Segment Start: PROVIDED MATERIAL

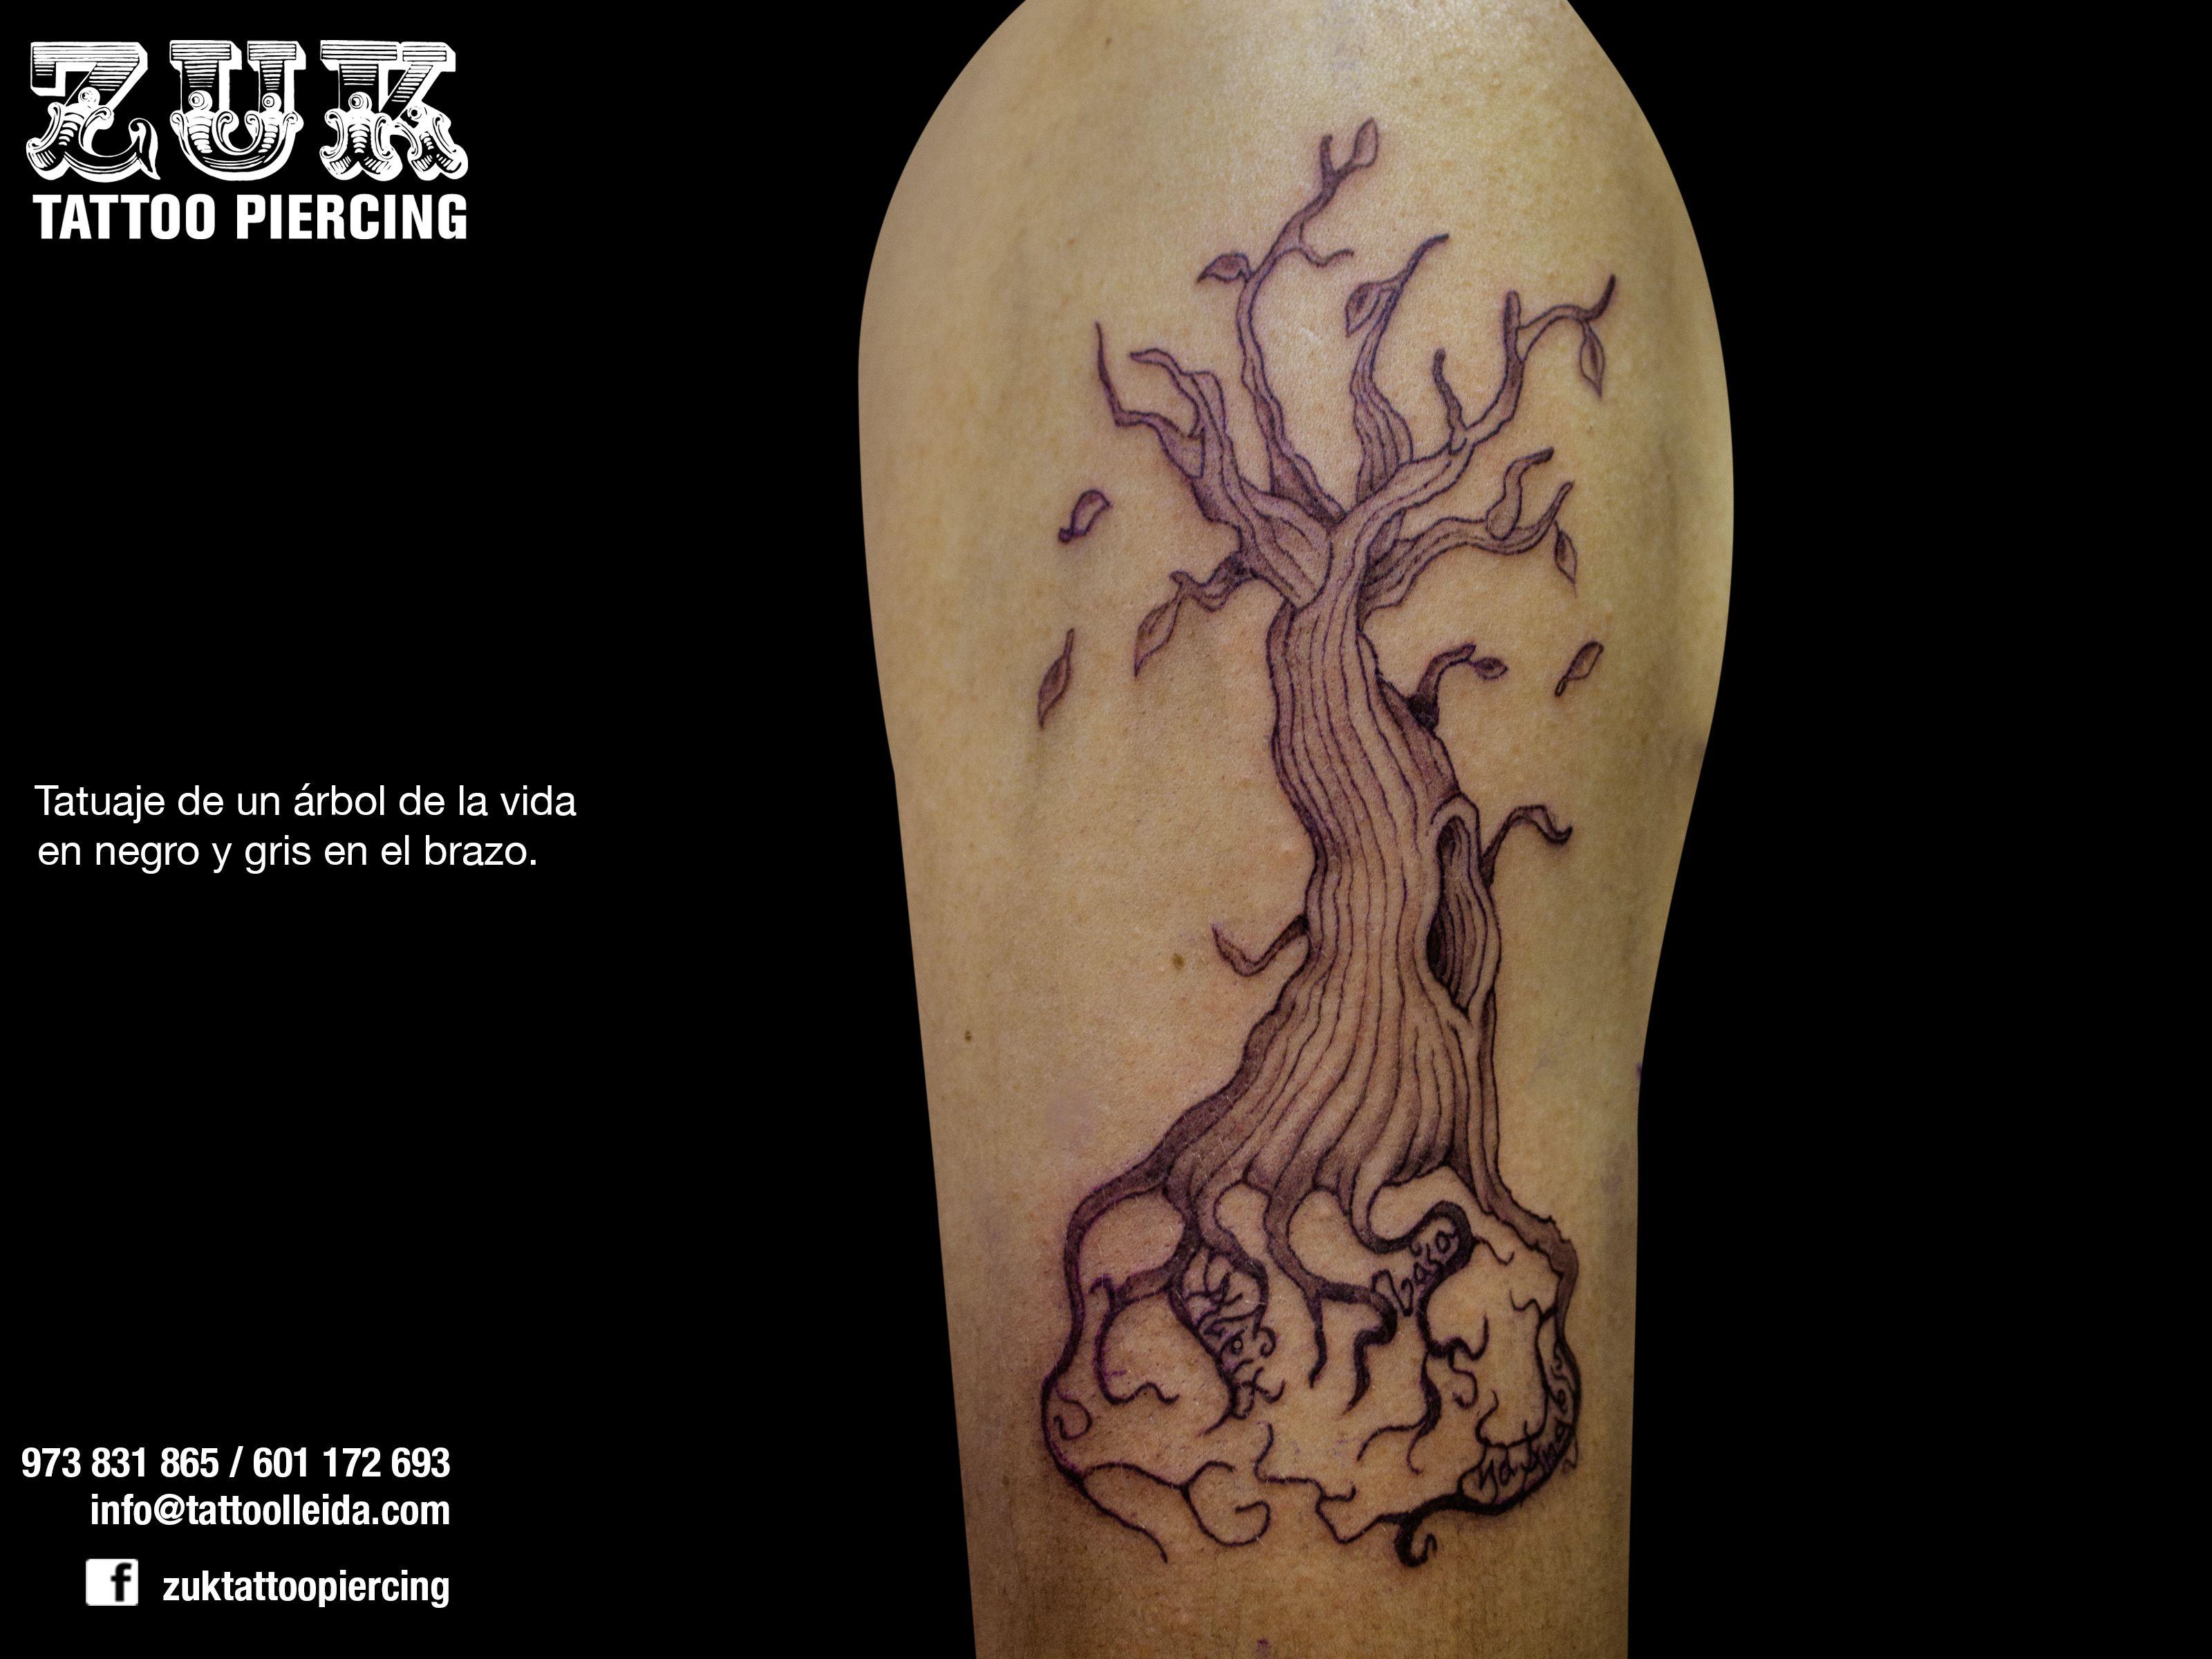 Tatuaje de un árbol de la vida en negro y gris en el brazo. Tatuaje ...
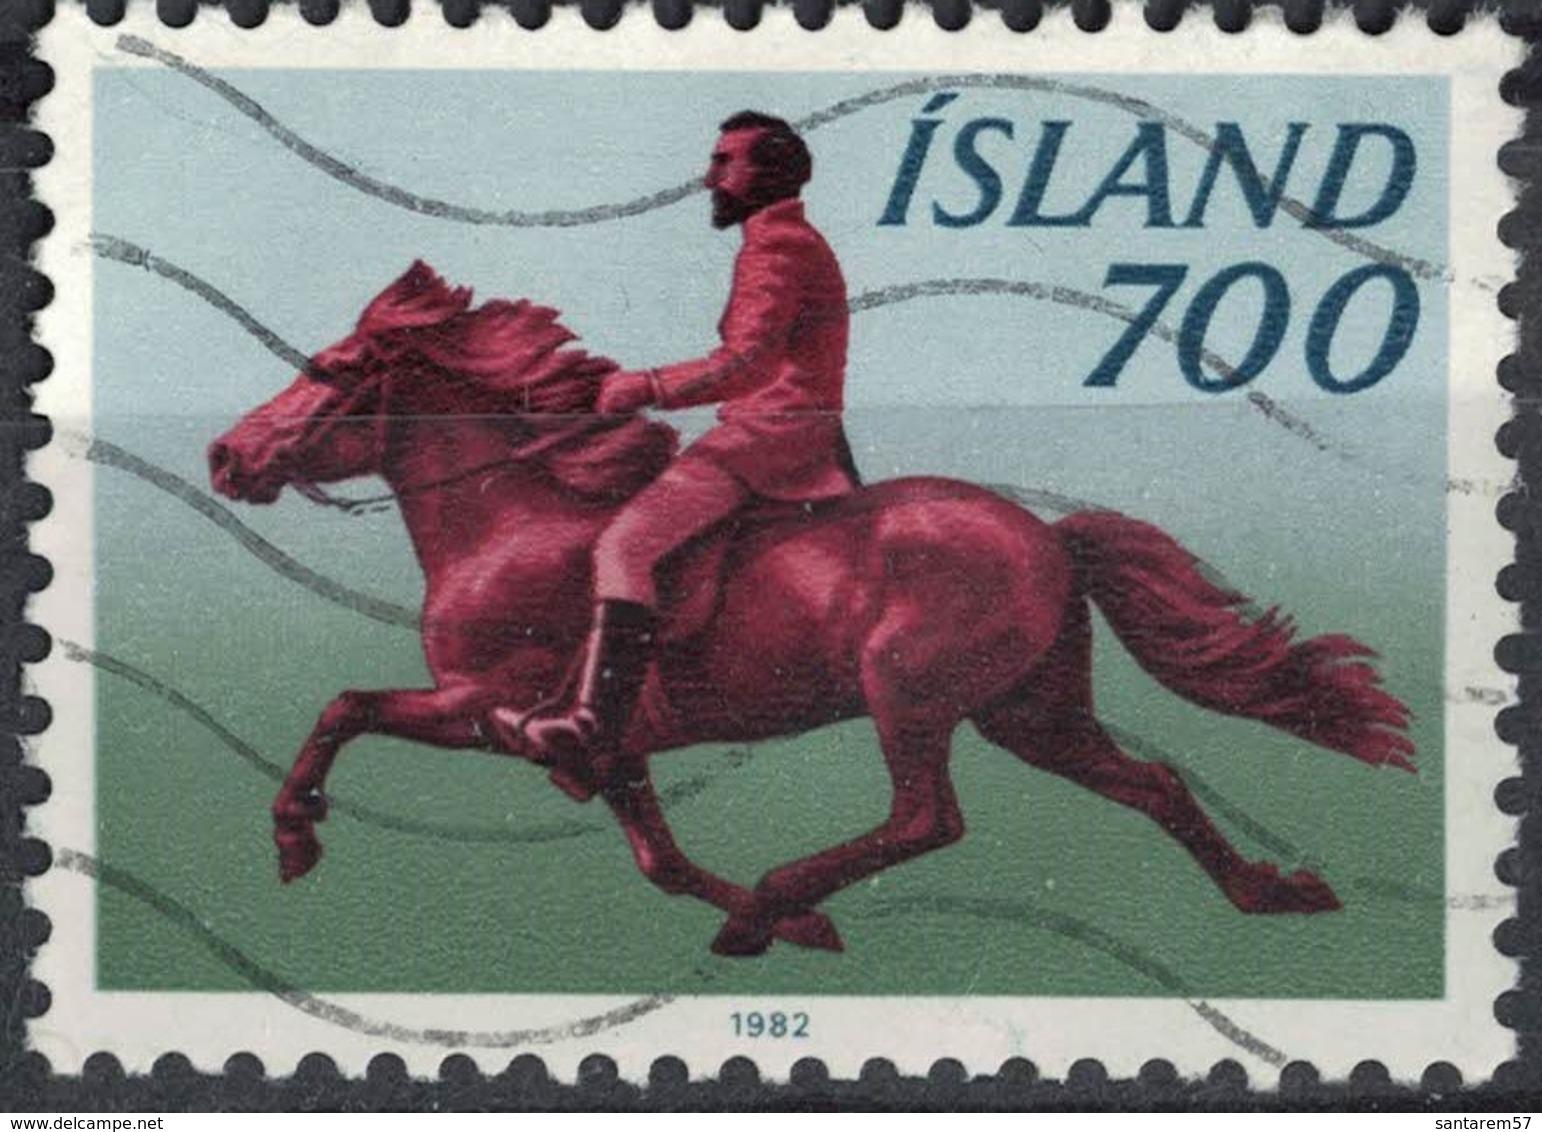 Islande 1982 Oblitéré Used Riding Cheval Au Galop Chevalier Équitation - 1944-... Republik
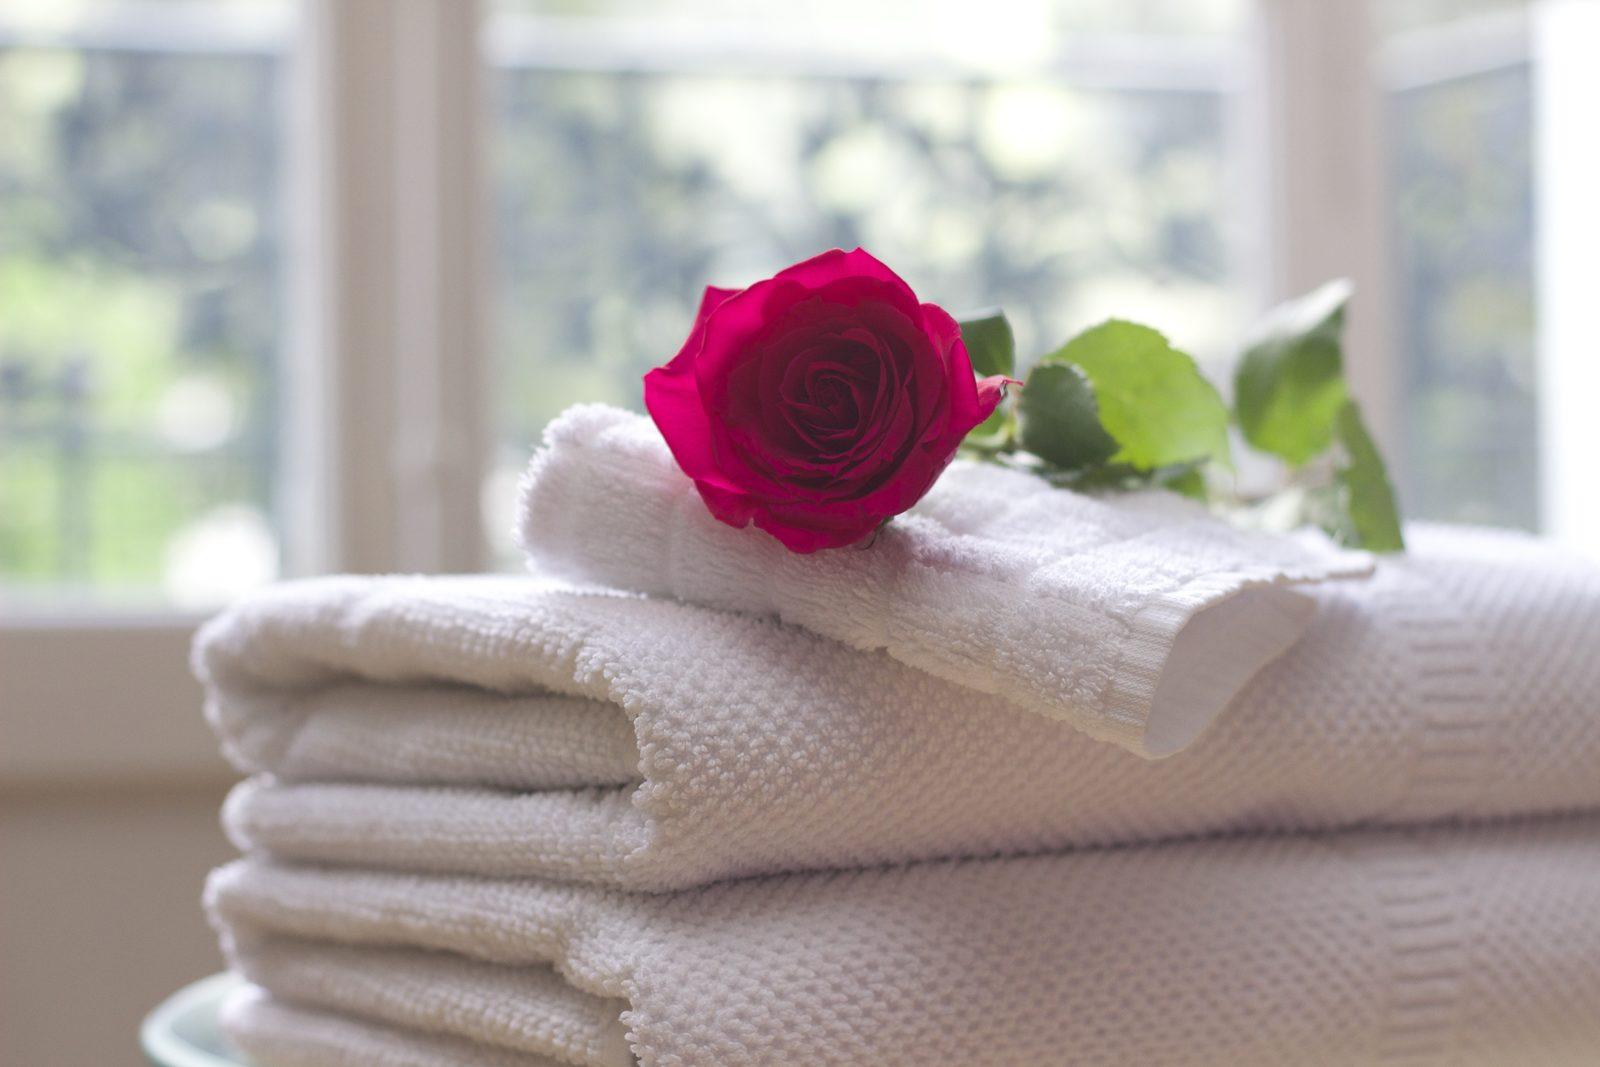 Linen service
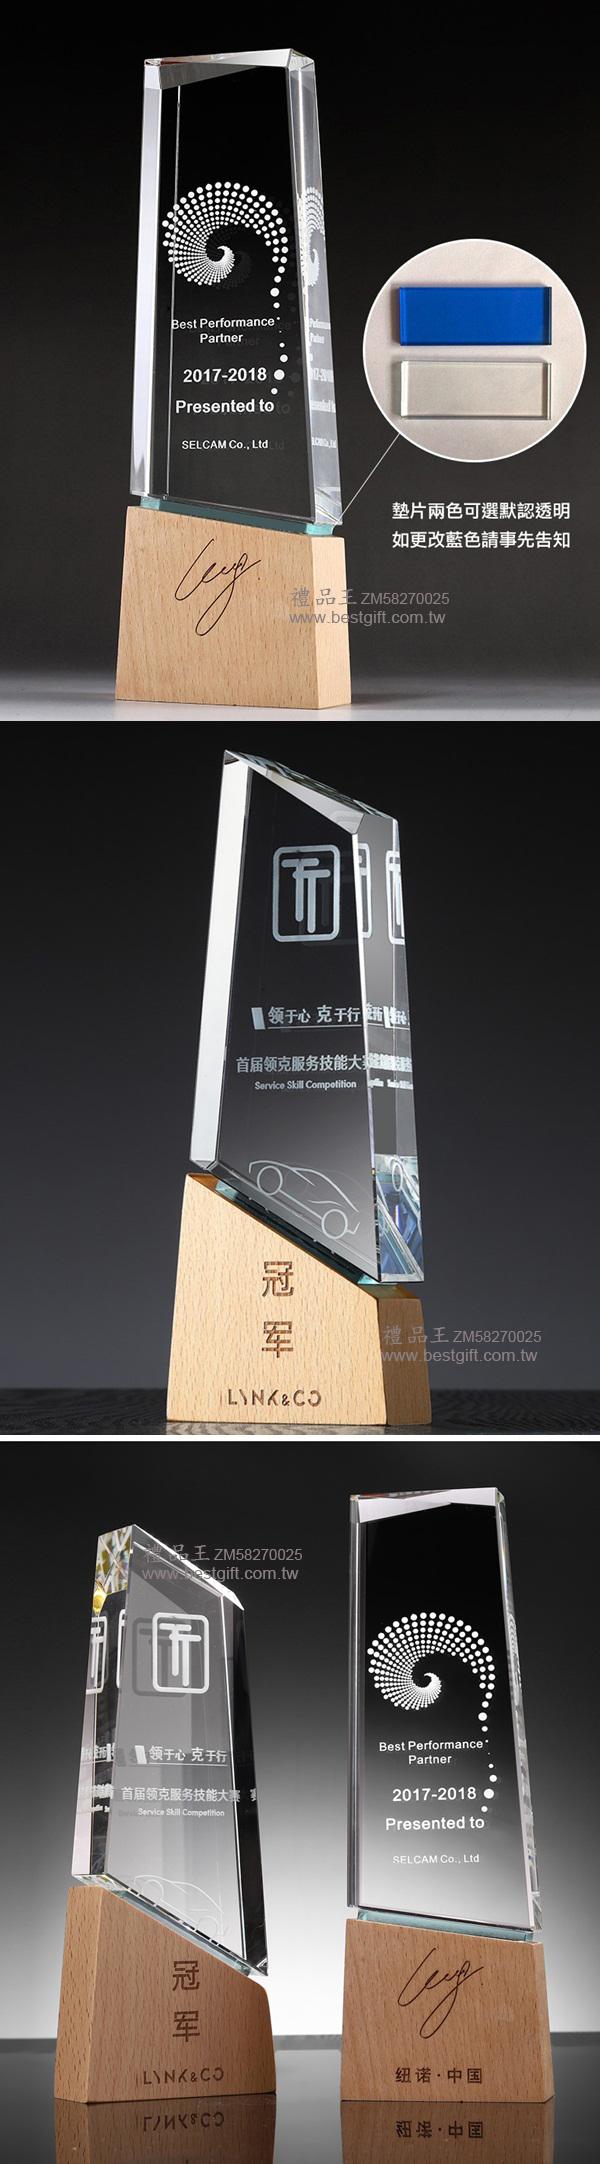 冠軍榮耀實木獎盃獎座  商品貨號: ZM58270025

Segment End: PROVIDED MATERIAL

WHAT THE TASK REQUIRES: After locating the line with "Islande 1982 Oblitéré" in the listing above, transcribe it and every line after it to the last, exactly, with no pictures.

WRITTEN SOLUTION:
 Islande 1982 Oblitéré Used Riding Cheval Au Galop Chevalier Équitation - 1944-... Republik
 Linen service
 冠軍榮耀實木獎盃獎座  商品貨號: ZM58270025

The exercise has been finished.